Pues porque aporta numerosos beneficios frente a la construcción tradicional entre los que destacamos:

  • MEDIOAMBIENTALES:

    1. Eliminación de la Sobreproducción: Con un proyecto bien definido e implementando procesos industriales se minimiza el desperdicio. En la industria existen protocolos de reciclado de desperdicios
    2. Afecciones: Se reduce la contaminación del sustrato, atmosférica y acústica al disminuir la presencia en obra únicamente a la fase de montaje. Se reduce el consumo de agua.
    3. Explotación: un mayor control de calidad redunda en una mejora en la limitación de la demanda energética, lo que se traduce a largo plazo en un consumo energético mucho menor y por tanto también se reducen las emisiones de CO2 y de partículas sólidas contaminantes.
    4. Economía circular: La industrialización nos permite desarrollar proyectos más sostenibles donde poder reutilizar muchos de los recursos empleados durante su construcción.
  • SOCIALES:

    1. Profesionalización: Con la industrialización se fomenta la formación del personal involucrado en el proceso en una apuesta por la profesionalización que se traduce una mayor seguridad laboral por parte del trabajador y en estabilidad e mejor imagen para el sector.
    2. Integración social y de género: Los entornos industriales controlados y limpios posibilitan la inclusión de personas con ciertas discapacidades en determinados puestos que en construcción tradicional sería impensable. Por otra parte, según la FLC (Fundación Laboral de la construcción) solo el  9  %  de  los  empleados  en  el  sector  de  la  construcción  son  mujeres, incluso considerando que son muchas las que ocupan puestos de gestión y responsabilidad. Mediante la industrialización, este porcentaje puede verse elevado considerablemente, pudiendo incorporar a más mujeres en puestos de producción .
  • TÉCNICOS:

    1. Mayor definición en fase de Diseño: Se reducen las incertidumbres en fase de construcción.
    2. Mejora Continua: La metodología LEAN permite un progresivo aumento de la calidad y una optimización de recursos tanto humanos como materiales.
    3. Reducción y cumplimiento de plazos de entrega y costes: La trazabilidad de todo el proceso permite eliminar desviaciones en tiempo y coste. Por otra parte, la industrialización permite la producción de algunos elementos de la construcción en fase de concesión de licencias.
    4. Mejora de la prevención: Una mayor planificación y la producción en entorno controlado, reduce considerablemente los riesgos durante la construcción. Además, se limita el tiempo que los trabajadores están expuestos a caídas a distinto nivel únicamente a fase de ensamblaje.

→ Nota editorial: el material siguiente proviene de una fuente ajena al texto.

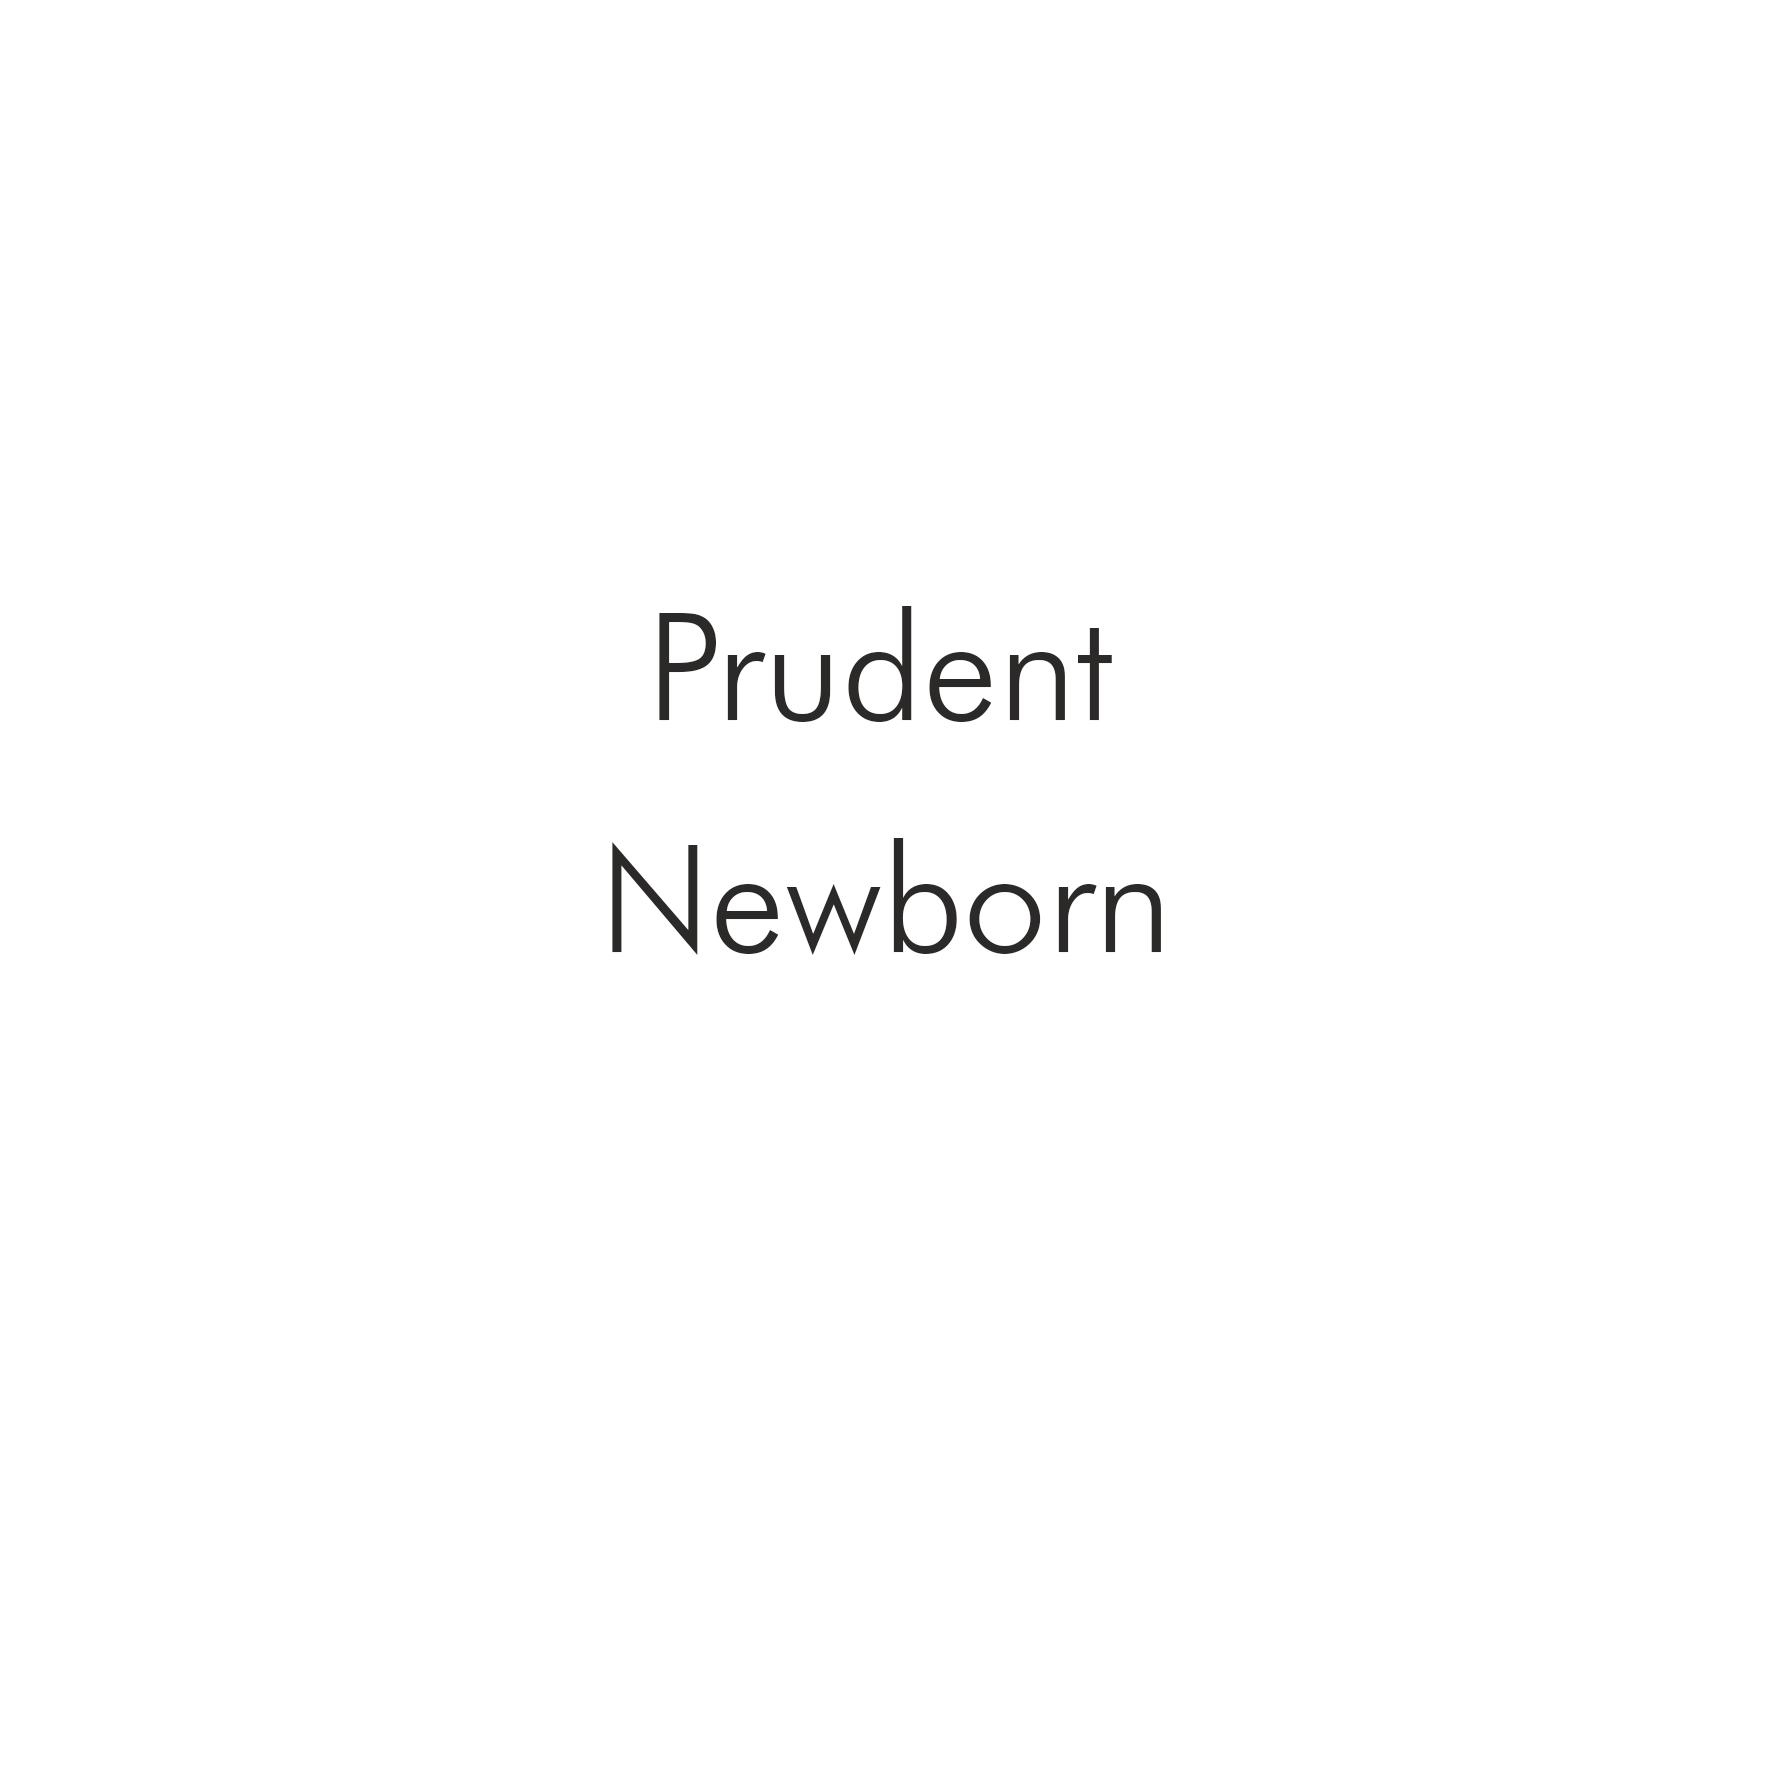 Prudent Newborn.png

Existen numerosas iniciativas en este sentido, como la llevada a cabo por AEDAS HOMES, apostando por la industrialización de varias promociones en distintas ubicaciones de nuestra geografía contando para ello con algunos de los arquitectos más reconocidos de nuestro país como Estudio Lamela, Morph Estudio, Cano y Escario Arquitectos y Ortiz y Leon Arquitectos entre otros.

 

En ARETHA apostamos por la innovación y por esta razón nos sumamos a iniciativas que apuesten por ella. Una de las últimas acciones alineada con la industrialización es la participación en el proyecto Room 2030 desarrollado por Baragaño, en el que hemos aportado un revestimiento vegetal en el techo del pasillo a base de líquenes liofilizados (MOSSWall) que dotan al espacio de aspectos biofílicos.

“Room 2030 es el resultado de un consorcio tecnológico y de innovación integrado por ArcelorMittal, Cosentino, Ecus, Estudio Baragaño, Geopannel, NormaGrup, Roca, Saint-Gobain, el Hotel Palacio de Avilés además de Jansen y Aretha (como socios suministradores). Room 2030 responde a las exigencias de sostenibilidad, conectividad, salud, flexibilidad e innovación permanente mediante la integración de la tecnología punta en cada momento que mejore el hábitat y la vida de las personas.”